-- Data excerpt follows --

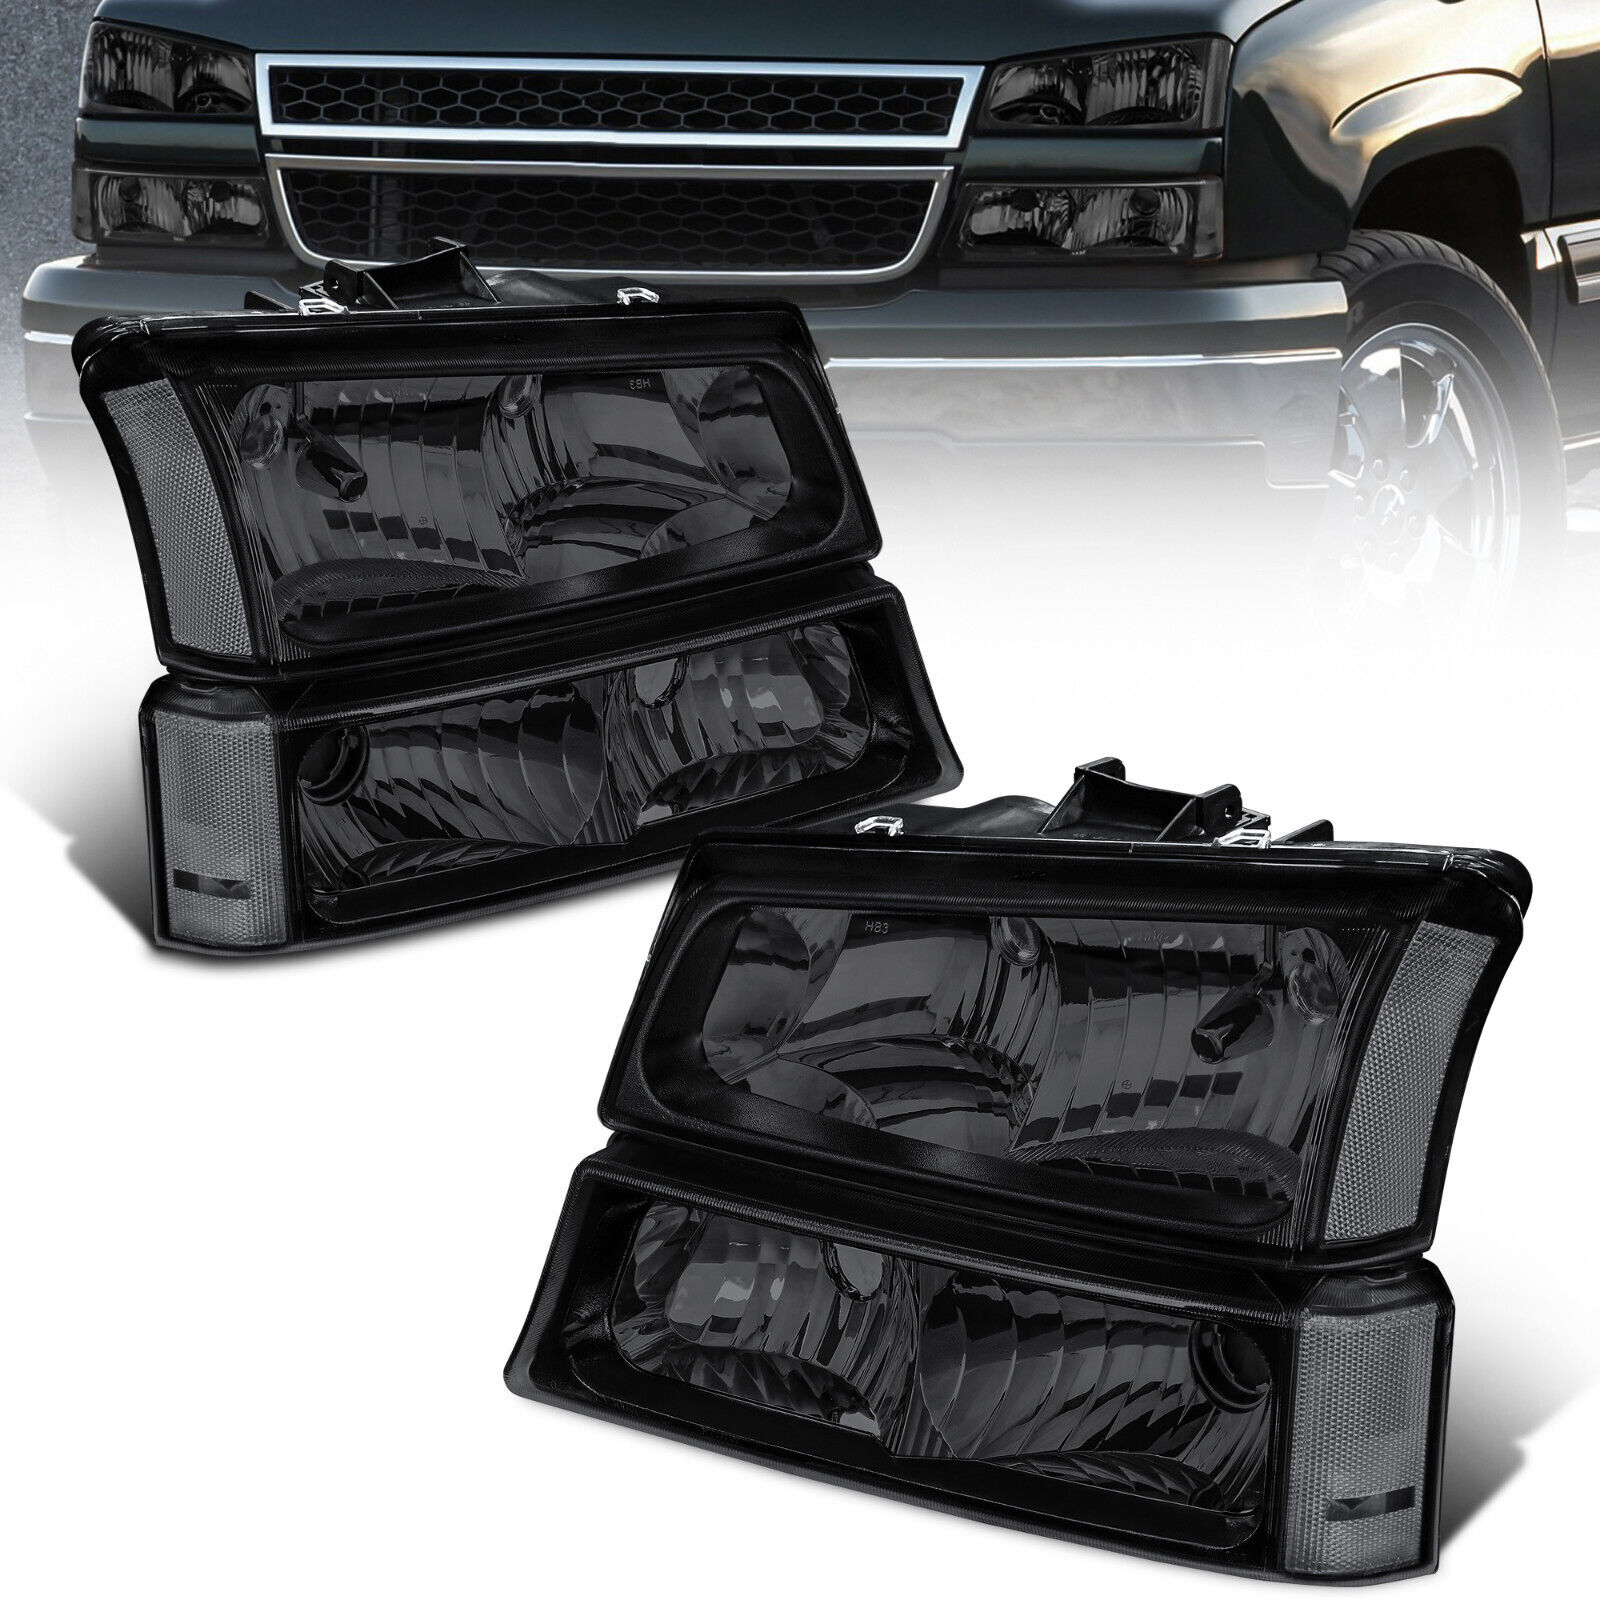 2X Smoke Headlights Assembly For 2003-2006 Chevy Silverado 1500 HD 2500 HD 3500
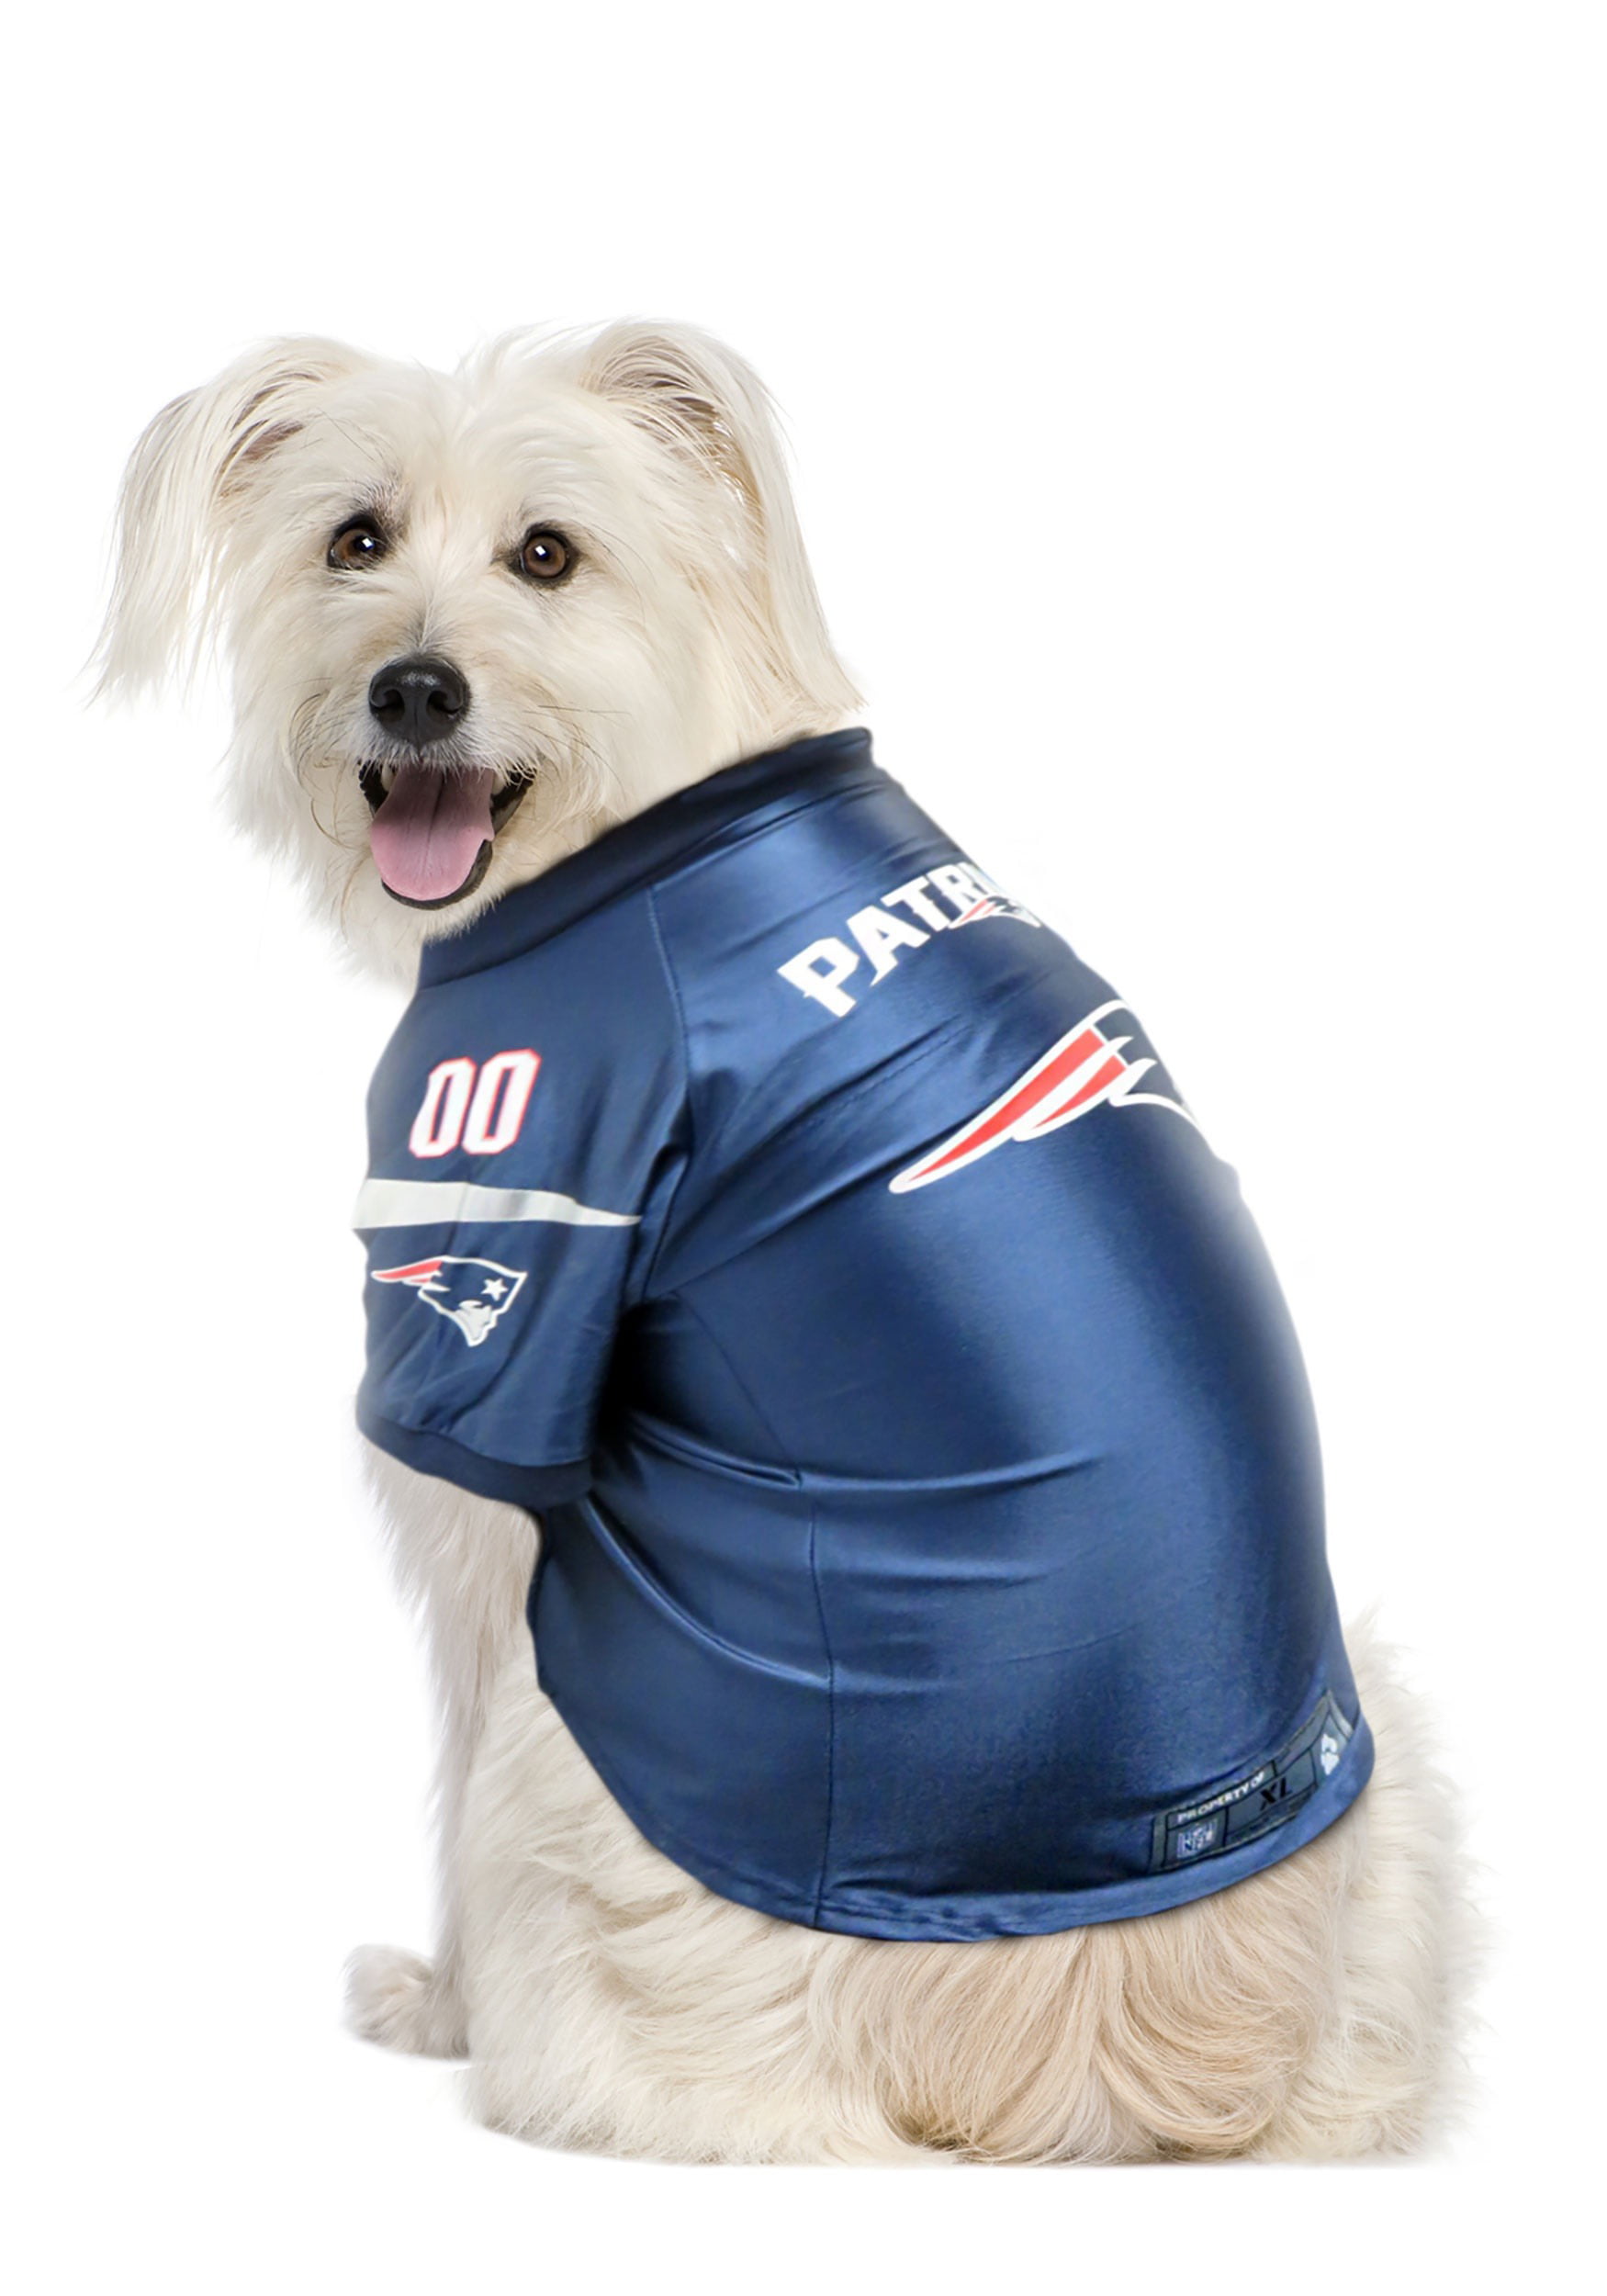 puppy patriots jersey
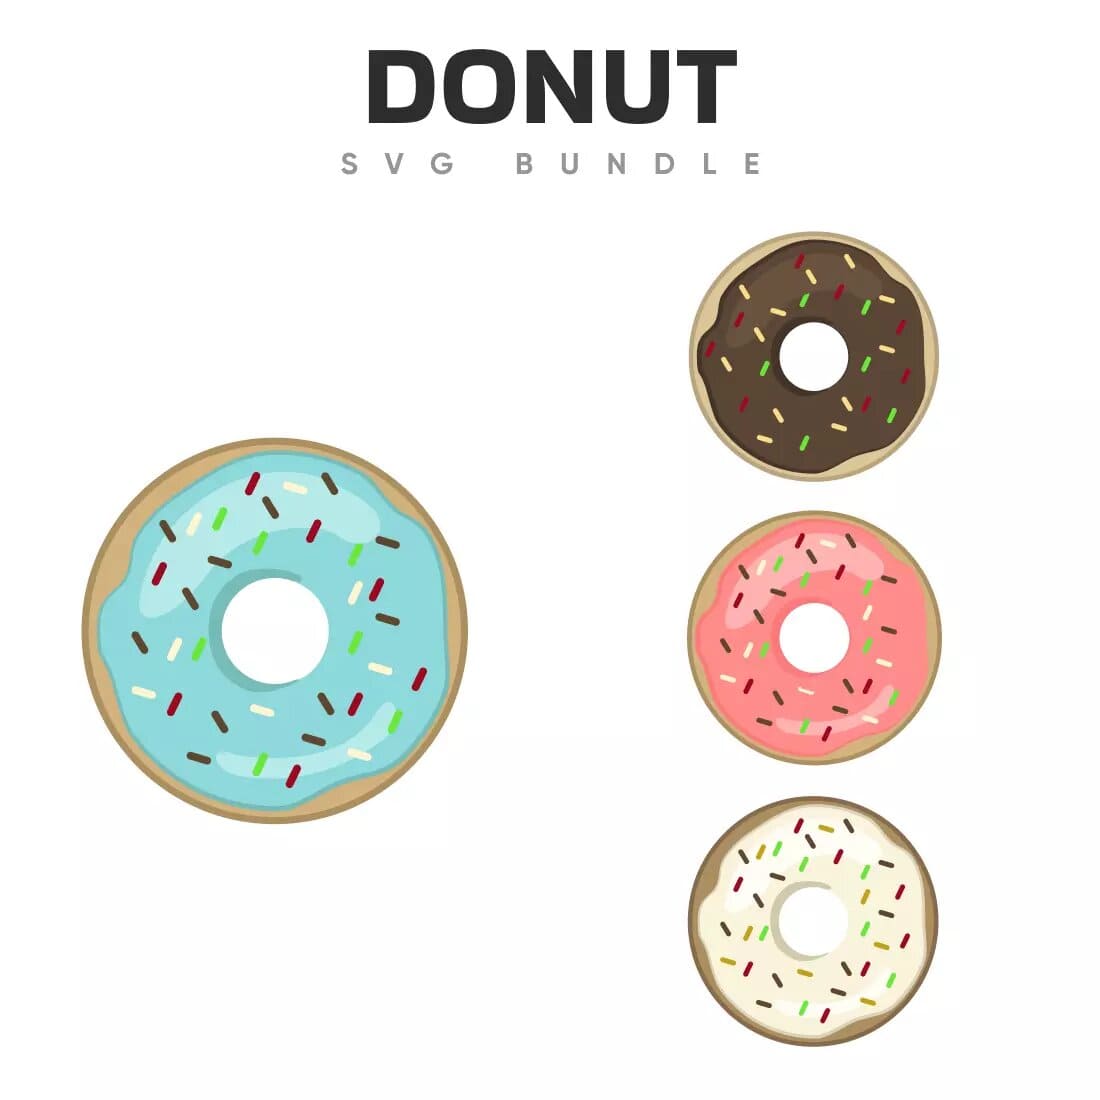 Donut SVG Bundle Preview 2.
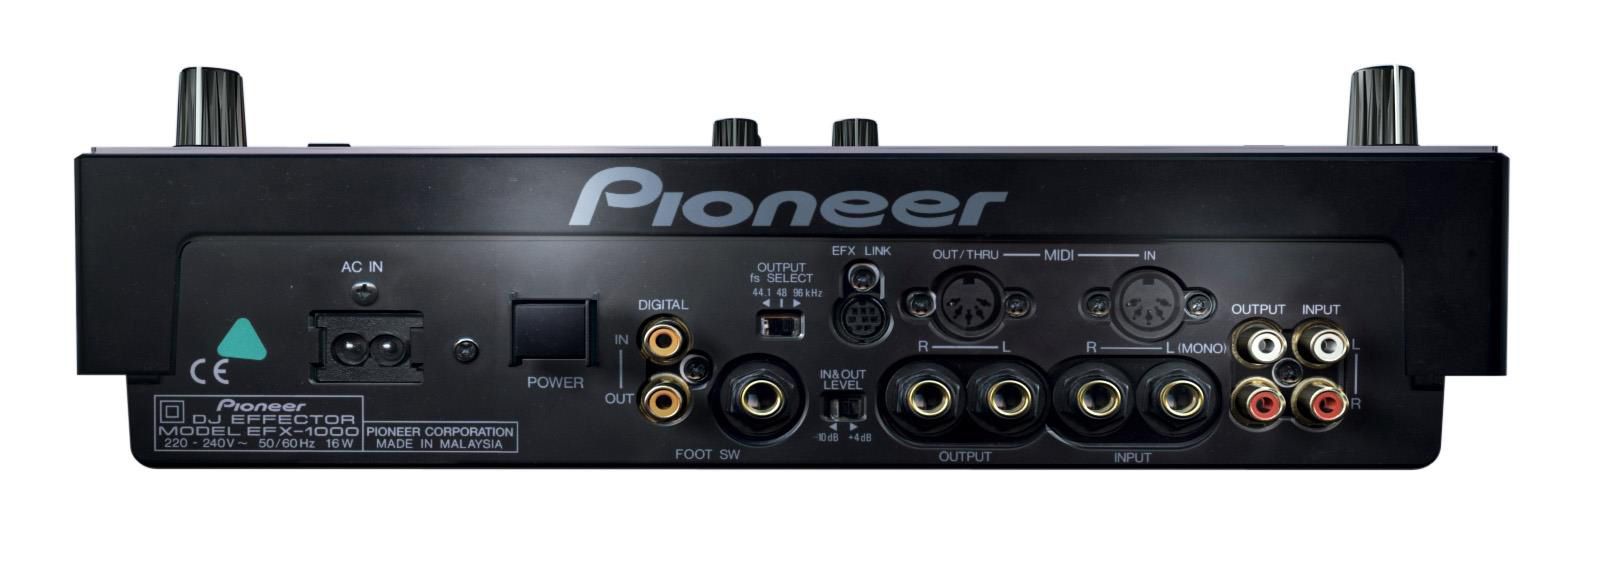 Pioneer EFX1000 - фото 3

-- Data excerpt concluded --

- **Your objective**: Reproduce the whole listing word for word, setting aside any pictures.

- **Task result**:
 2X Smoke Headlights Assembly For 2003-2006 Chevy Silverado 1500 HD 2500 HD 3500
 puppy patriots jersey
 Donut SVG Bundle Preview 2.
 Pioneer EFX1000 - фото 3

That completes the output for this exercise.